--- Work to complete ---
Only the lines from the one containing "Sheet Film Poster" through the end of the entries are wanted, retyped exactly and without pictures.

--- Study material ---

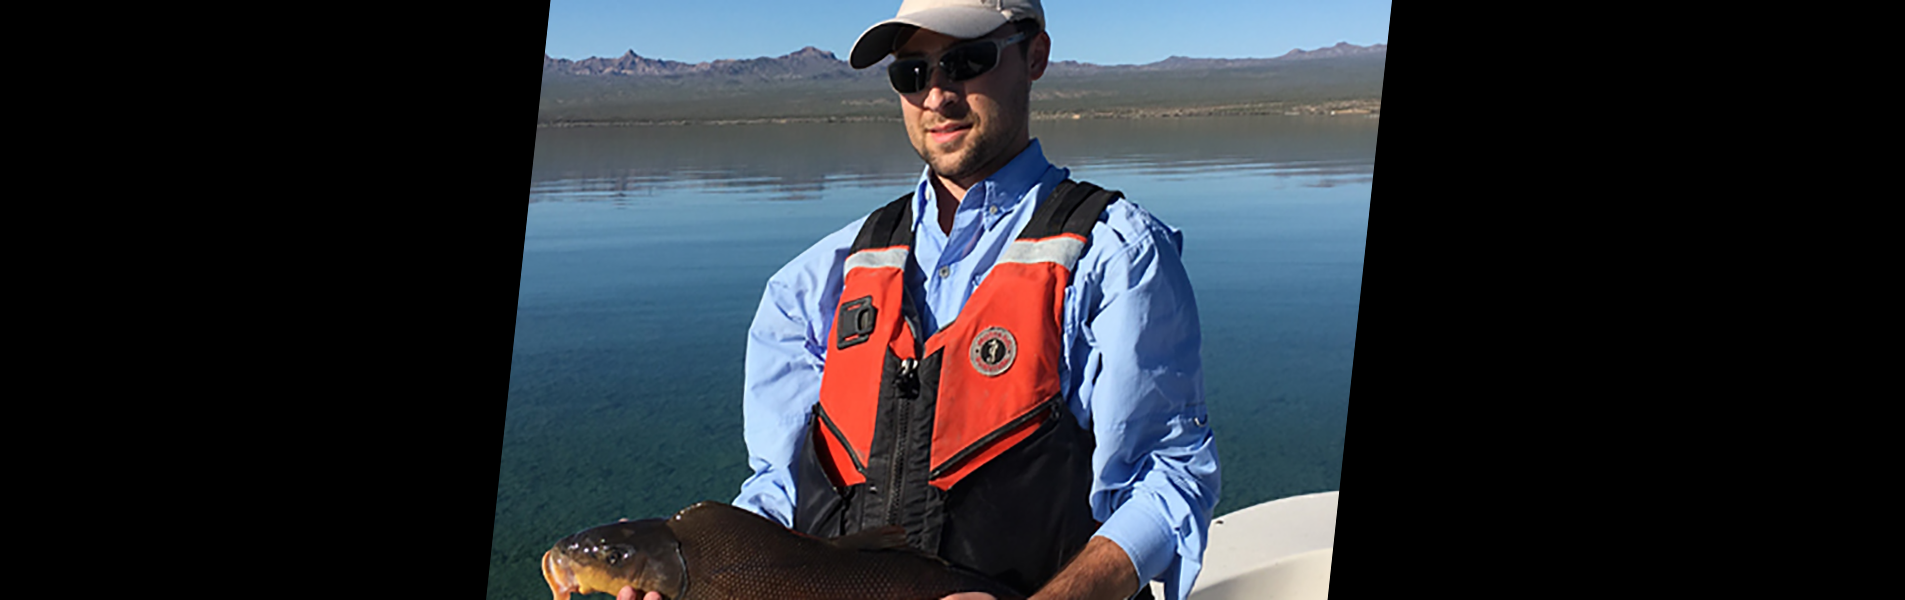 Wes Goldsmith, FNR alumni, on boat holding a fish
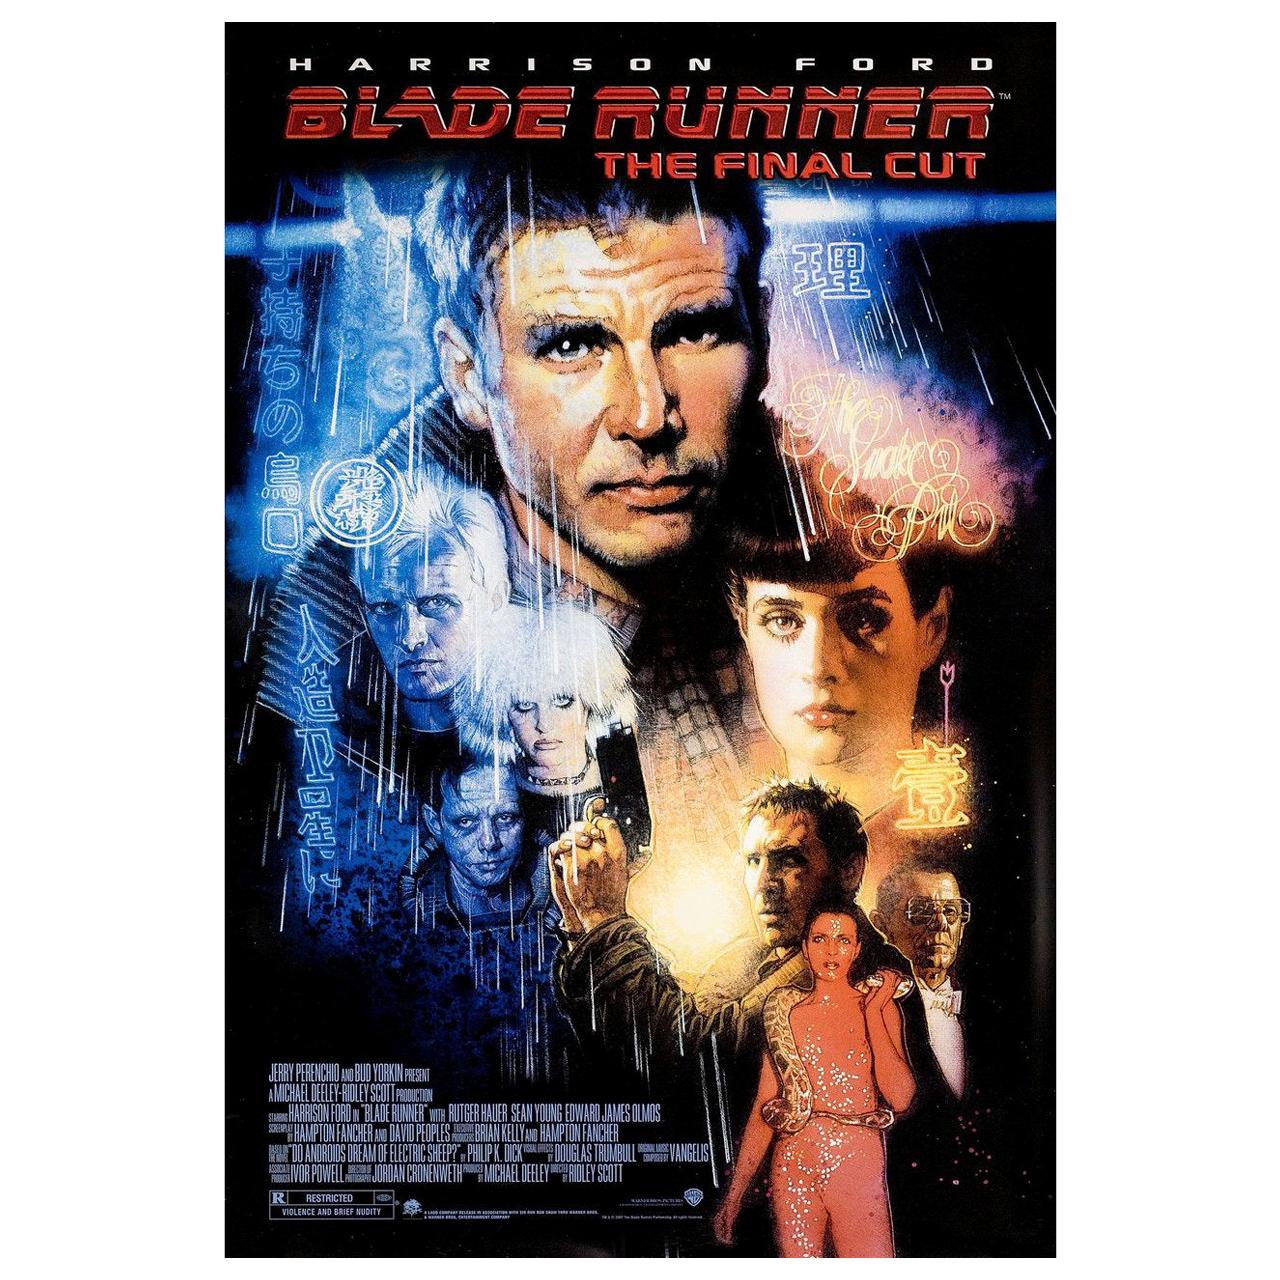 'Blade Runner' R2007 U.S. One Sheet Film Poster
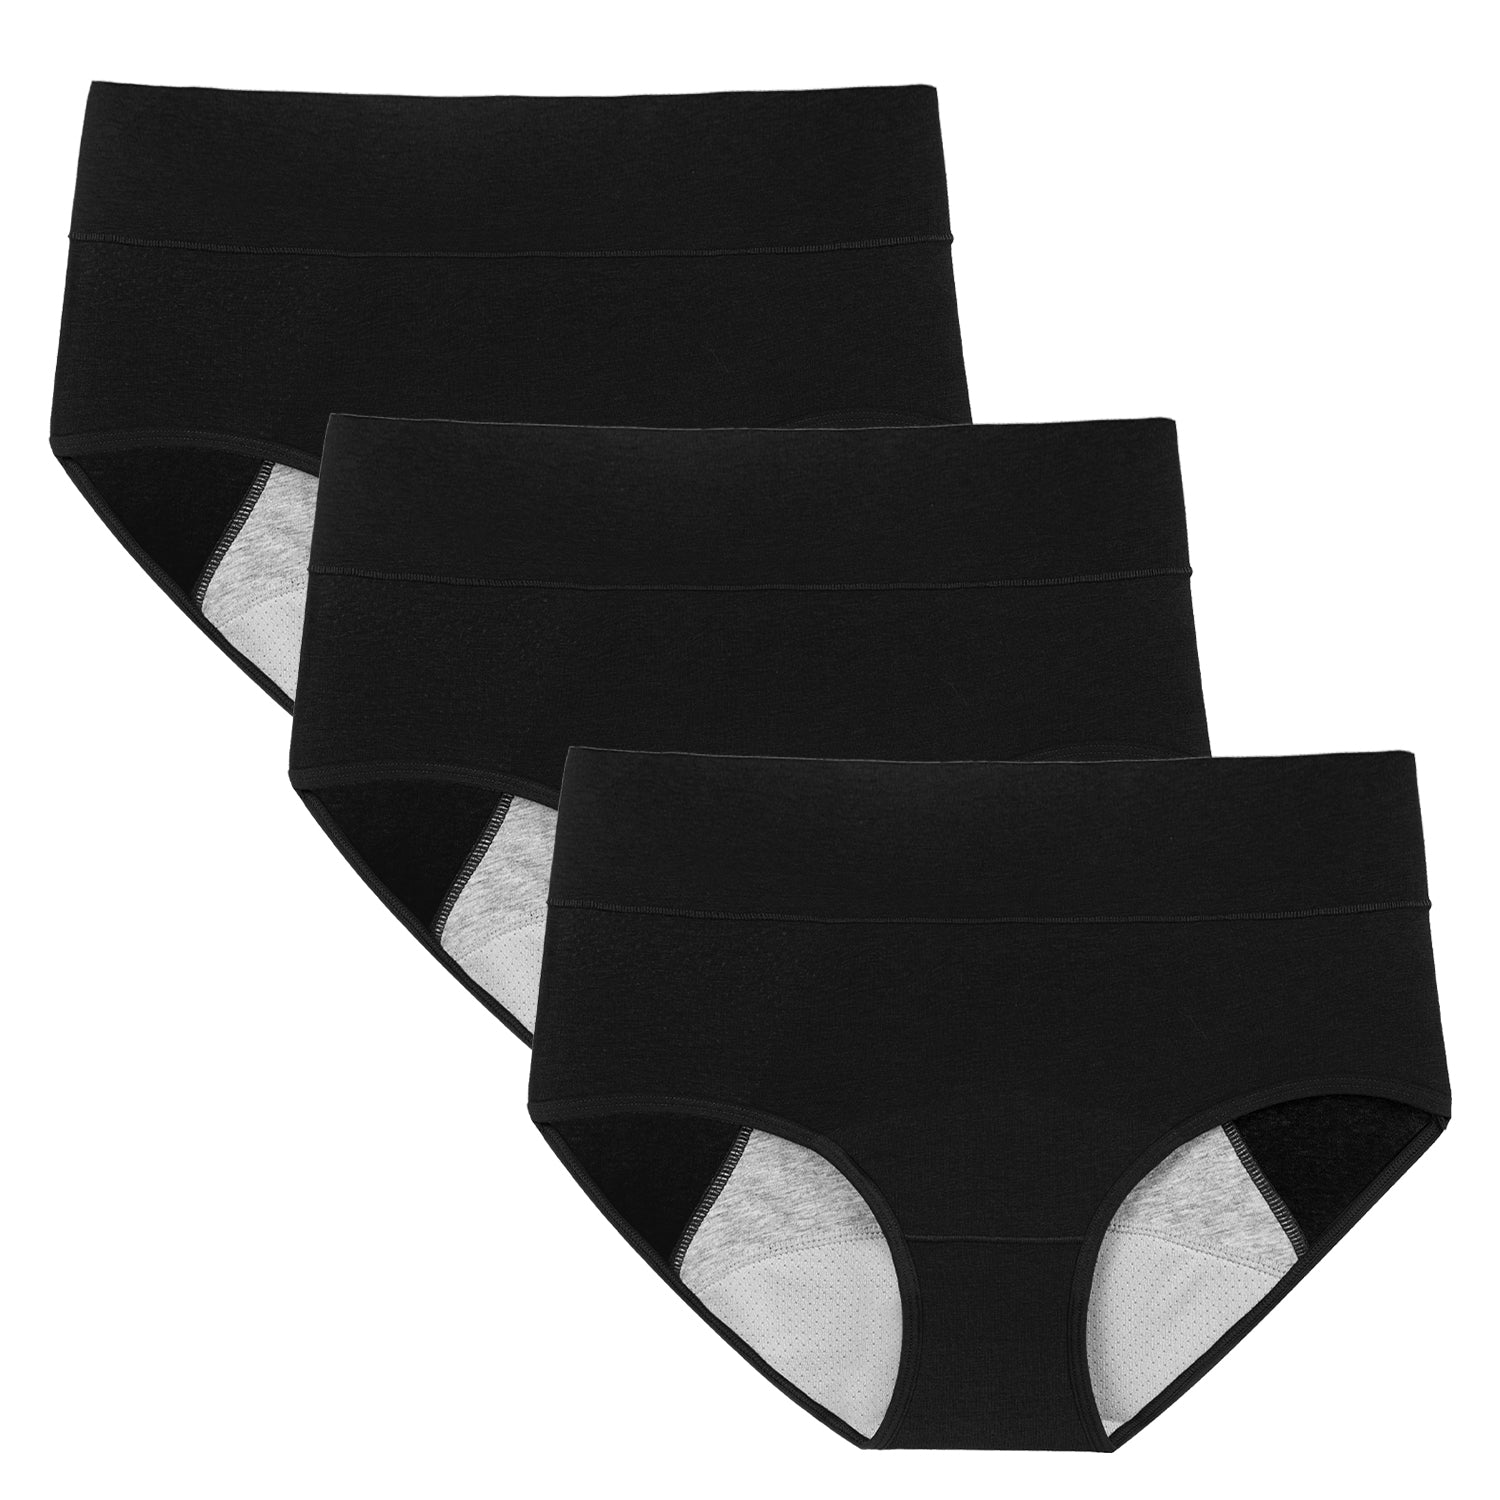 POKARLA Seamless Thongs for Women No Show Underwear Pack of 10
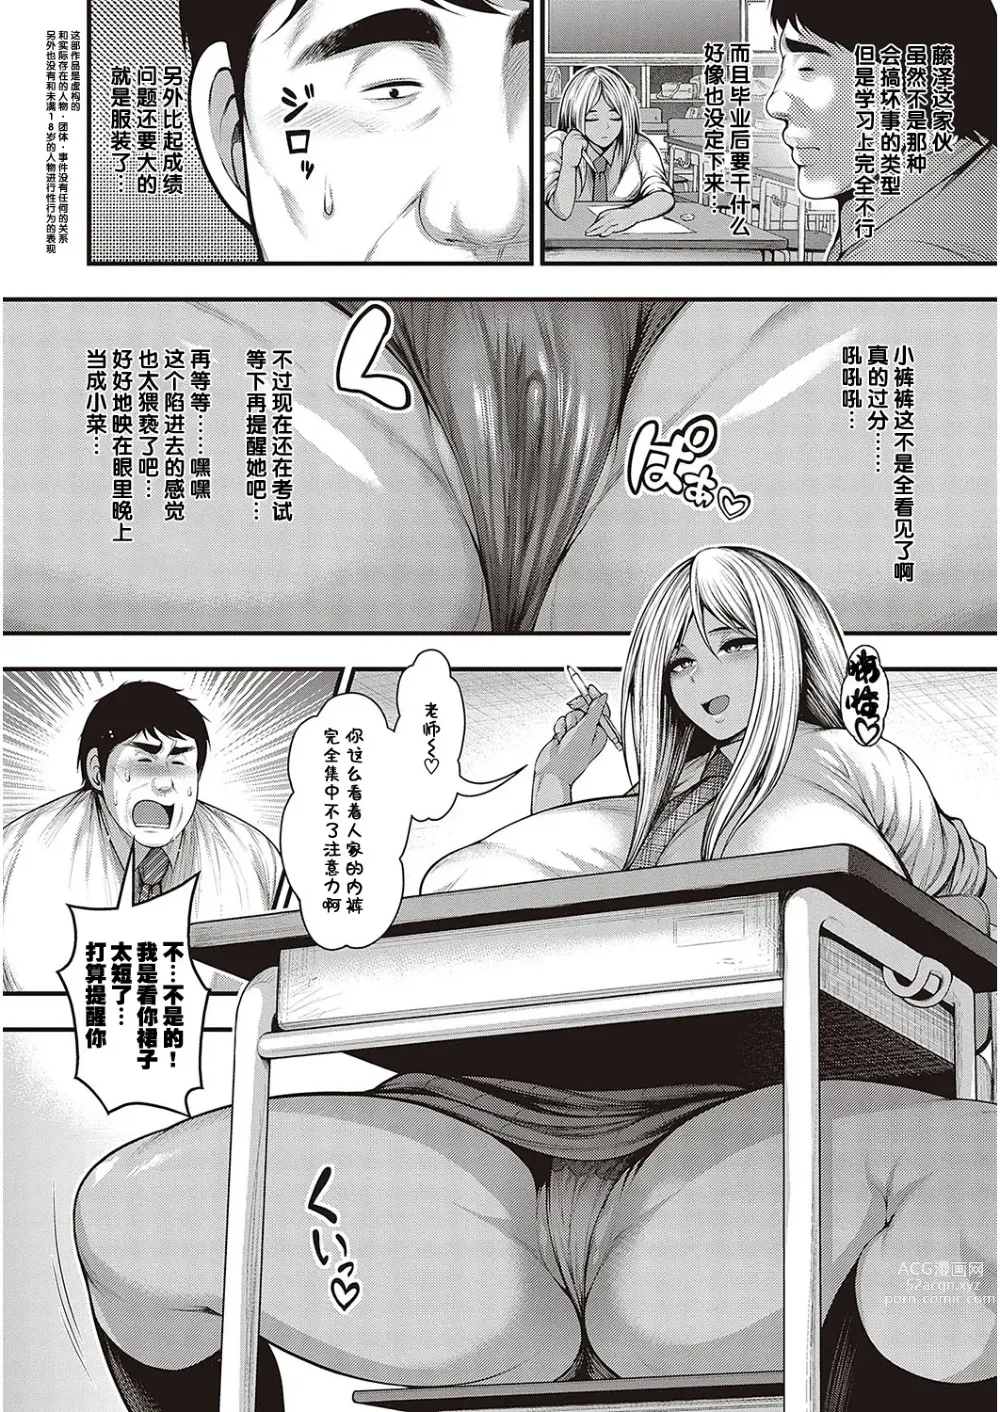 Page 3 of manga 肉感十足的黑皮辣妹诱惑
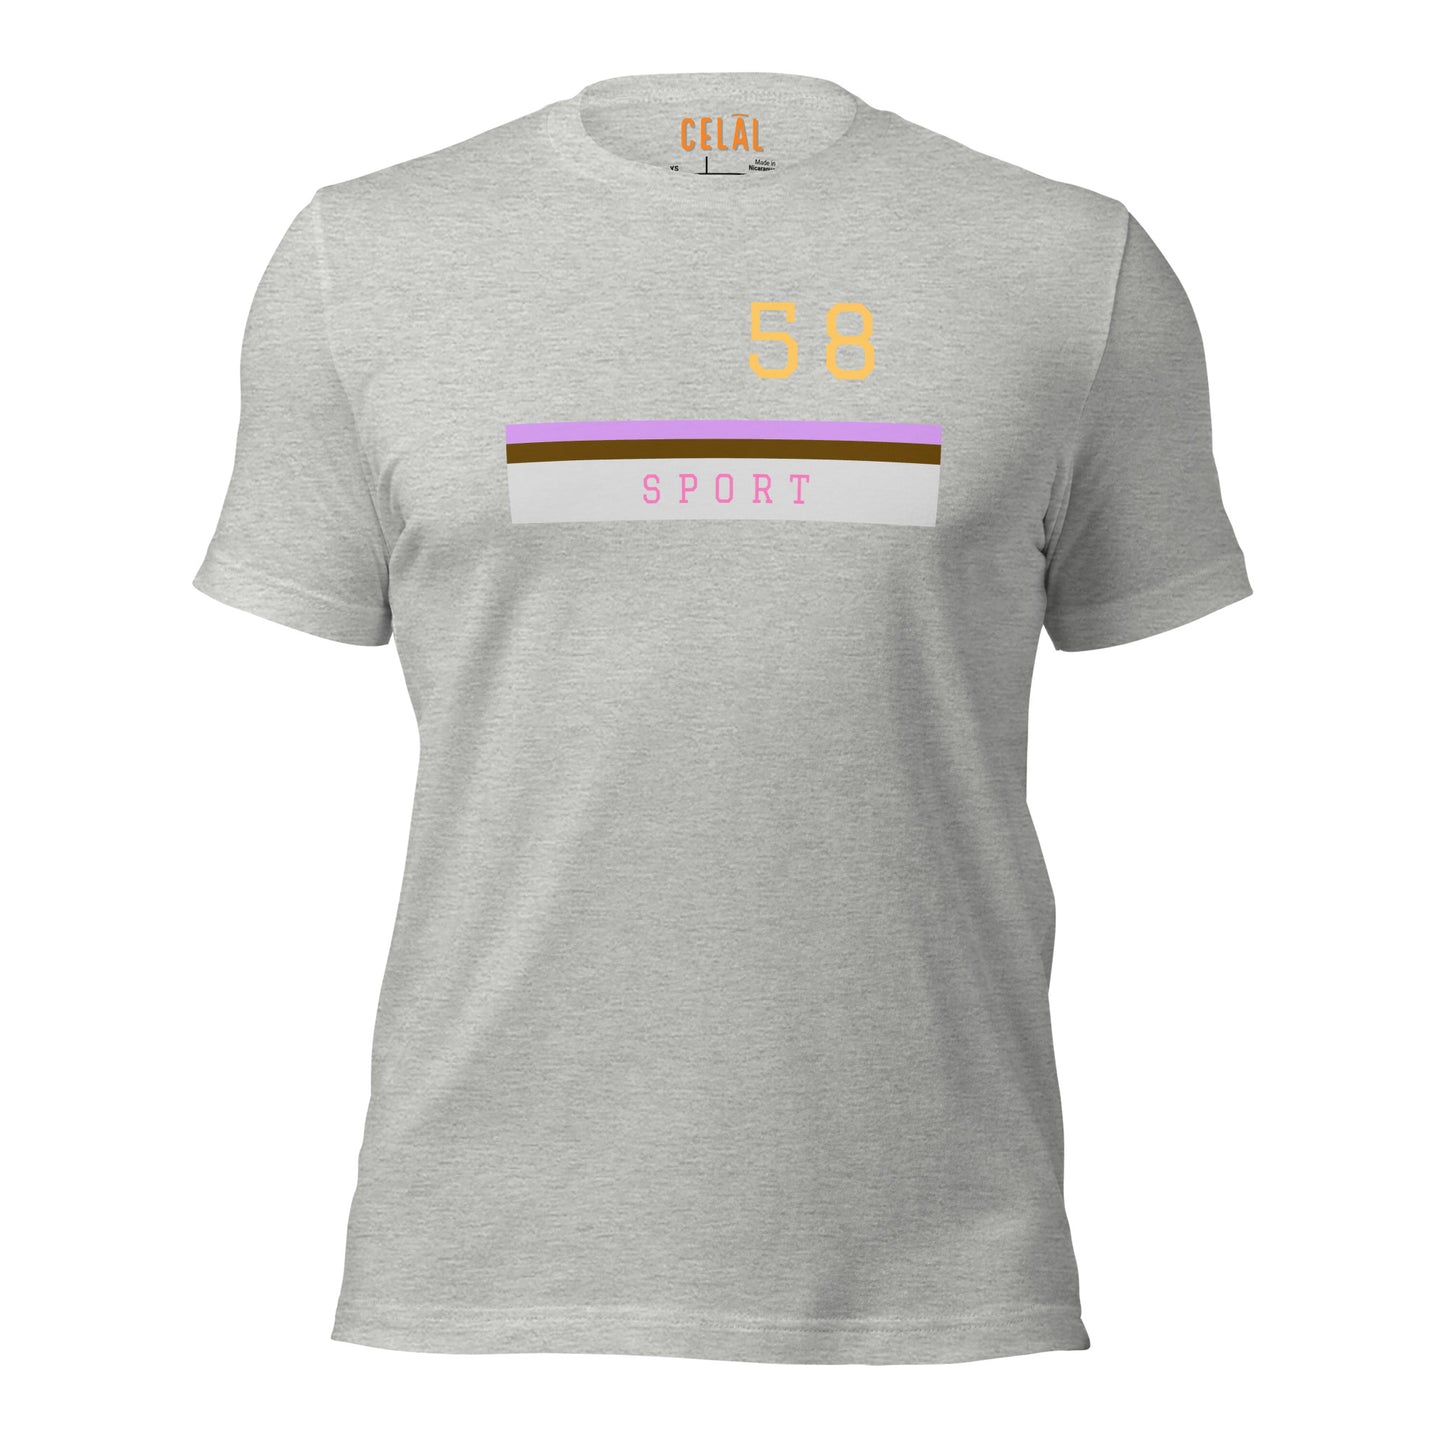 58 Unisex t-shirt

--- Exercise response ---
 'Blade Runner' R2007 U.S. One Sheet Film Poster
 POKARLA Seamless Thongs for Women No Show Underwear Pack of 10
 Page 3 of manga 肉感十足的黑皮辣妹诱惑
 58 Unisex t-shirt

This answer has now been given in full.